Has anyone seen a site that does this?

------
PStamatiou
is this the same guy that told me (and all bloggers in general) to stop
blogging, in some snarky Wired article? yup, it is. <http://bit.ly/S85ya>

------
bonsaitree
In this article, Mr. Boutin reveals his complete ignorance of systems
engineering. Whether it's websites, software products, cars, blenders, or even
packaged food, pretty-much any remotely novel product marketed and sold for
use by everyday consumers goes through a "private beta" phase to weed out
"bugs" in the system.

I suggest that Mr.

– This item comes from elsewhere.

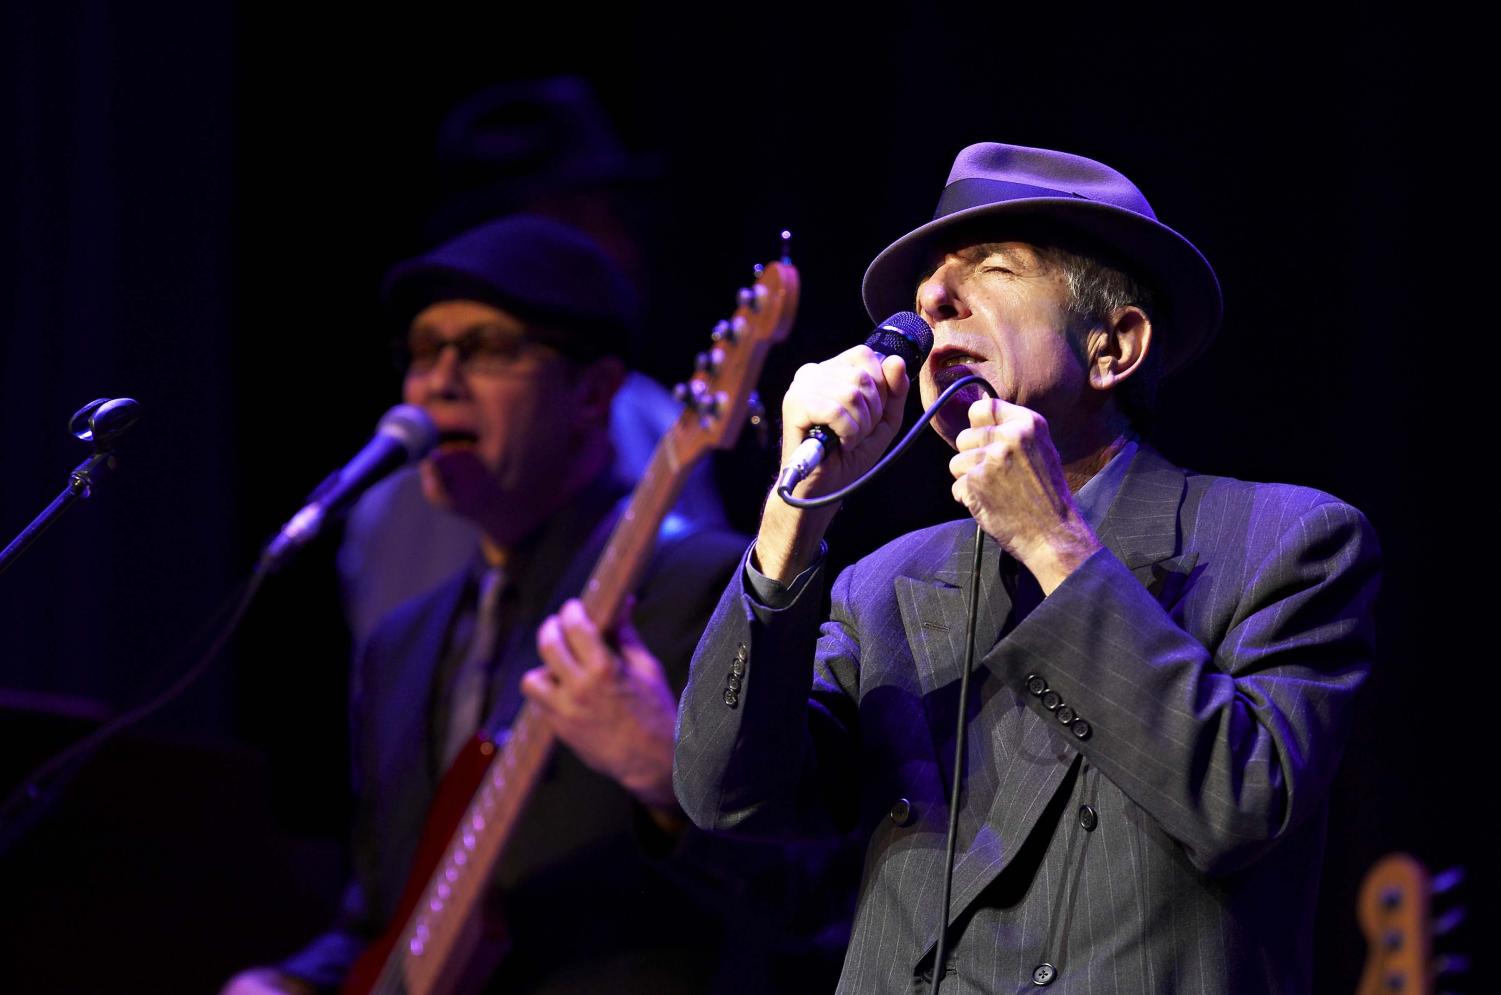 Aleliuja: filmas, pasakojantis nuostabią istoriją apie Leonardą Coheną ir jo stebuklingą dainą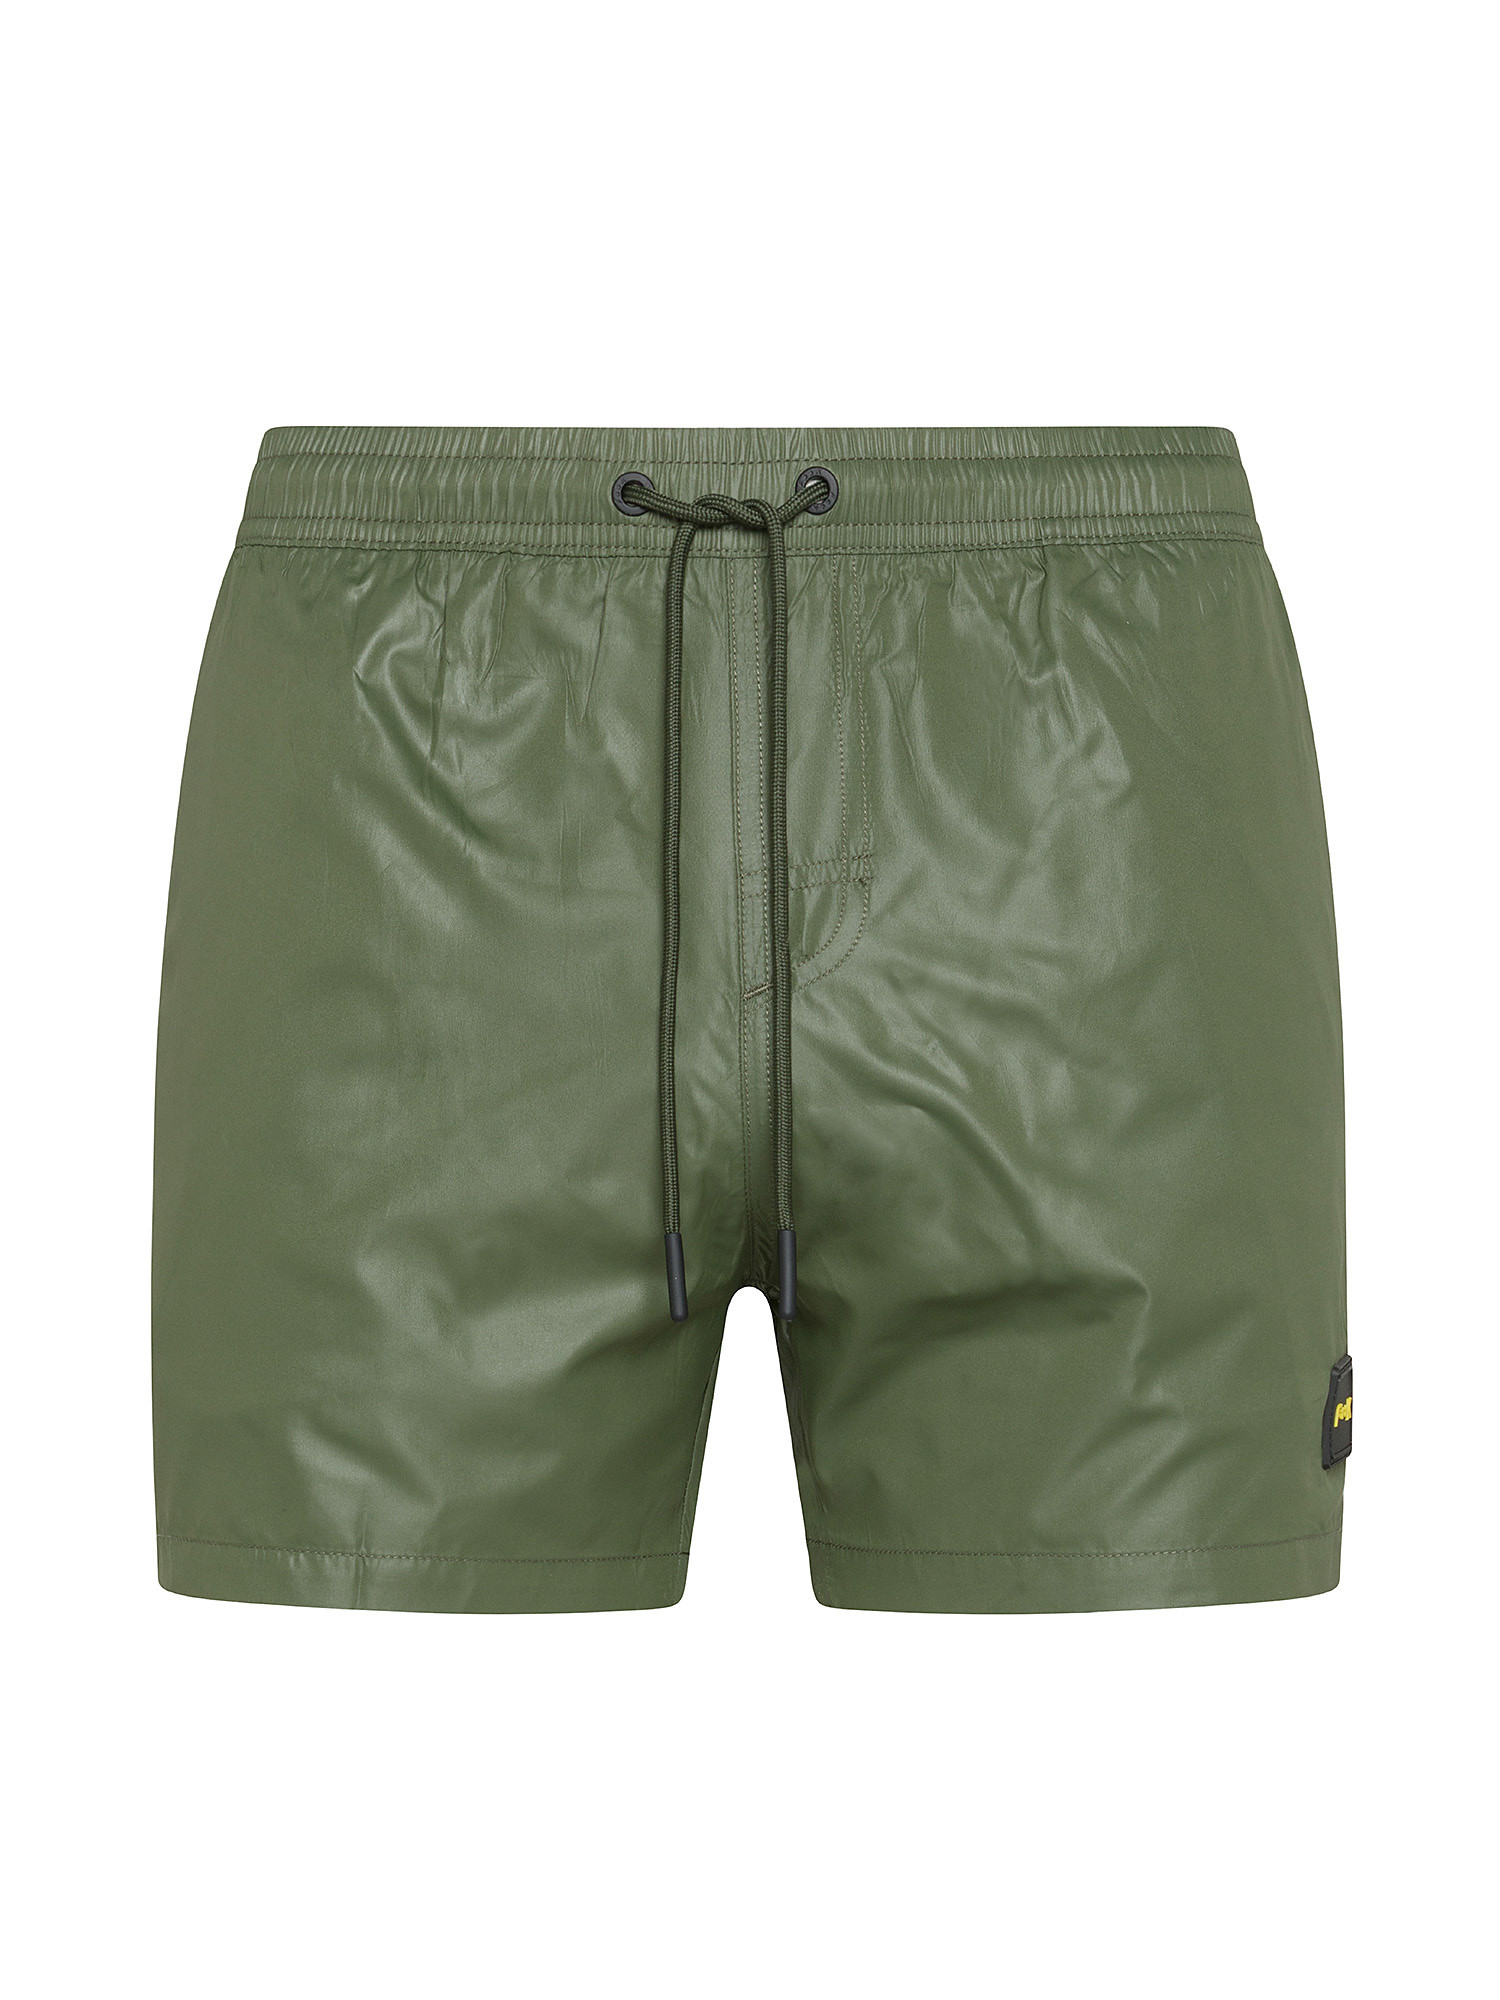 F**K - Shiny swim shorts, Dark Green, large image number 0

Boutin learn a modicum about manufacturing and consumer
product life-cycles before further attempting to practice journalism on the
topic.

The really sad bit is NYT actually paid money for this "content" too.

------
paul_houle
The "private beta" is a web 2.0 trope that's going to disappear in web 3.0.
It's something you can afford to do when you've got a rich sugar daddy, but
when you're trying to make a profitable site on your own dime, you've got to
start early.

Yes, I know about the testability problems of community systems -- I've lived
them. Web 3.0 finds answers to them. Web 3.0 succeeds where Web 2.0 failed.